• [TASK TO COMPLETE] With pictures omitted, restate the data word for word.
───── SOURCE DATA ─────
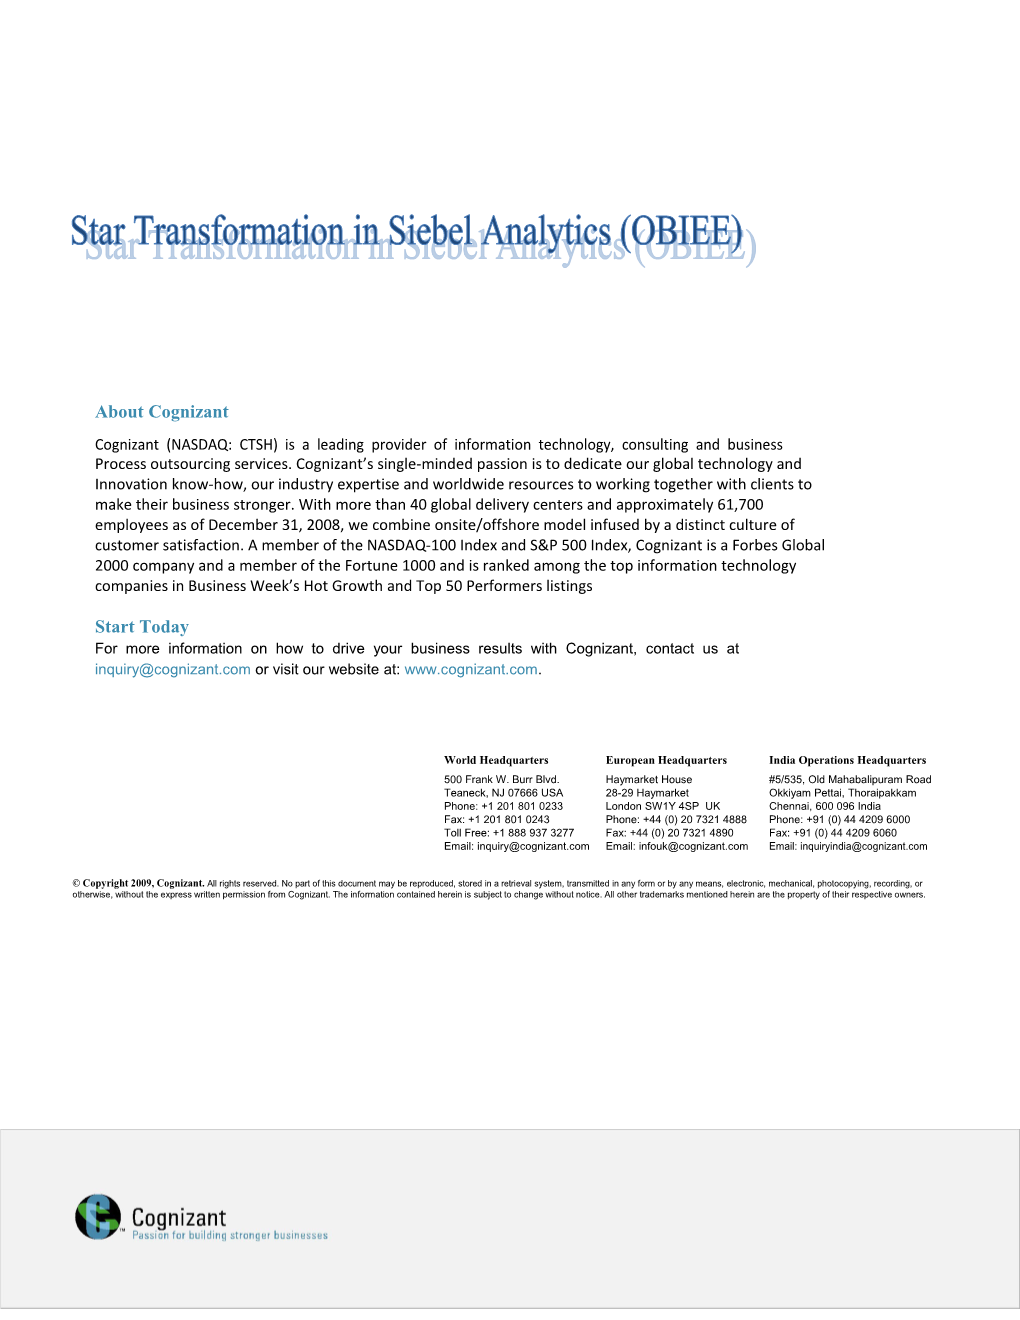 Star Transformation in Siebel Analytics(OBIEE)
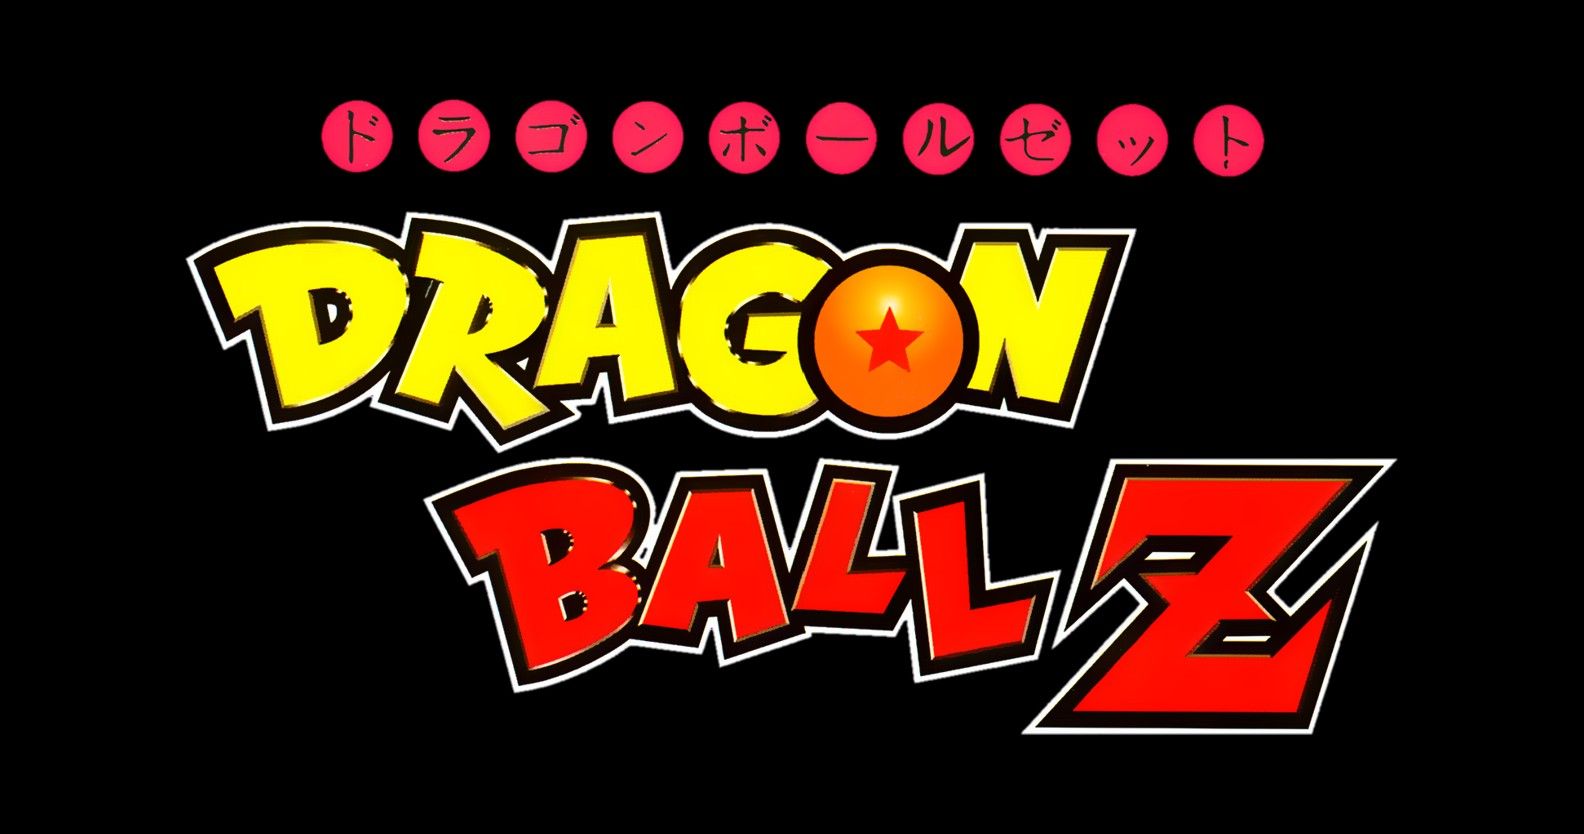 Dragon Ball Z logo by FirzeCrescent on DeviantArt
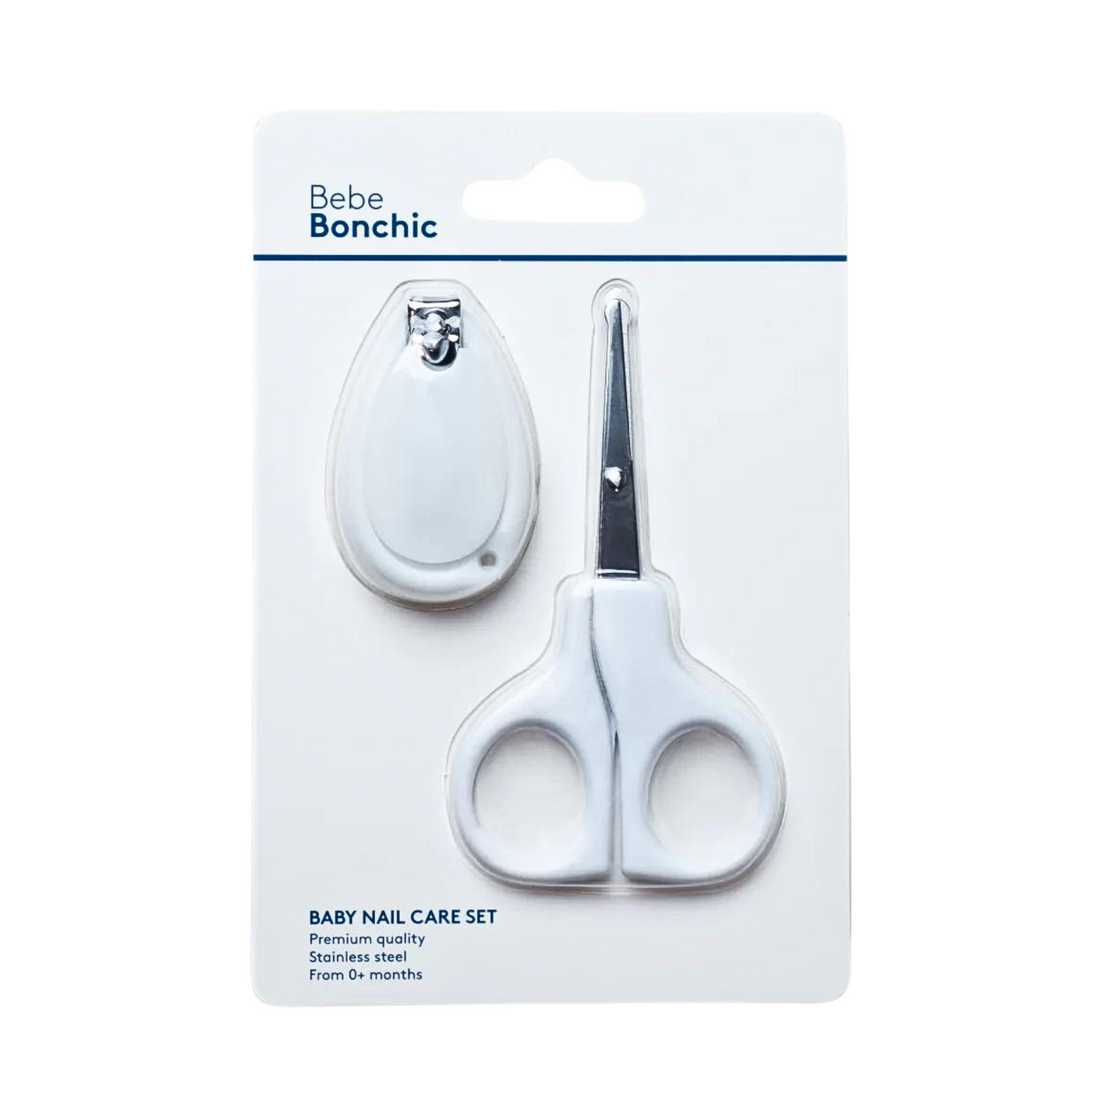 Baby scissors set
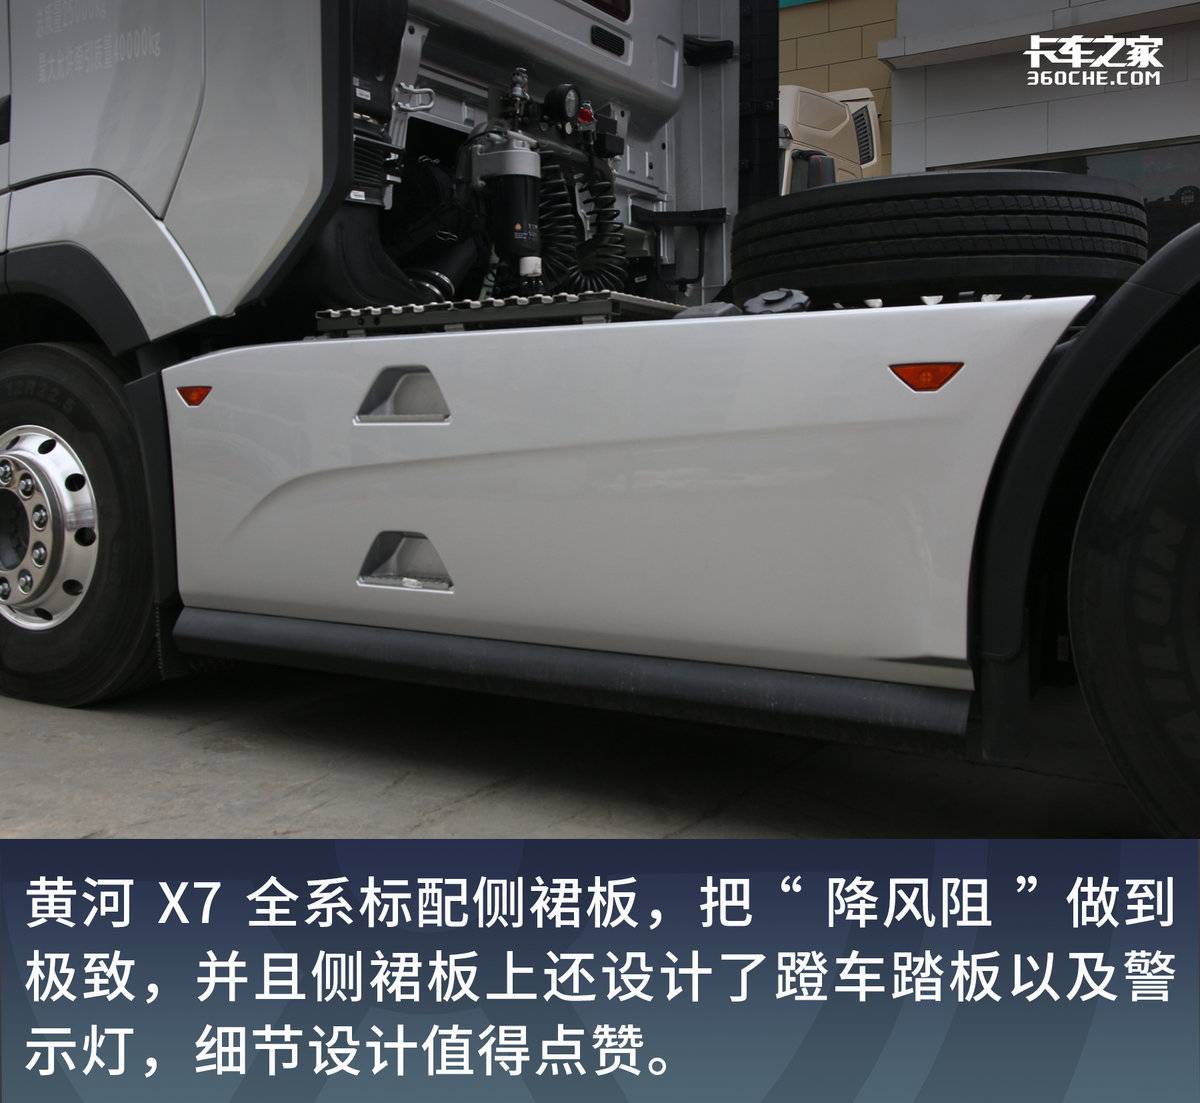 报价45.8万 黄河X7搭载570马力发动机 16挡AMT搭配气囊桥
─────
• [FINISHED TASK]
 Star Transformation in Siebel Analytics(OBIEE)
 Dragon Ball Z logo by FirzeCrescent on DeviantArt
 Baby scissors set
 报价45.8万 黄河X7搭载570马力发动机 16挡AMT搭配气囊桥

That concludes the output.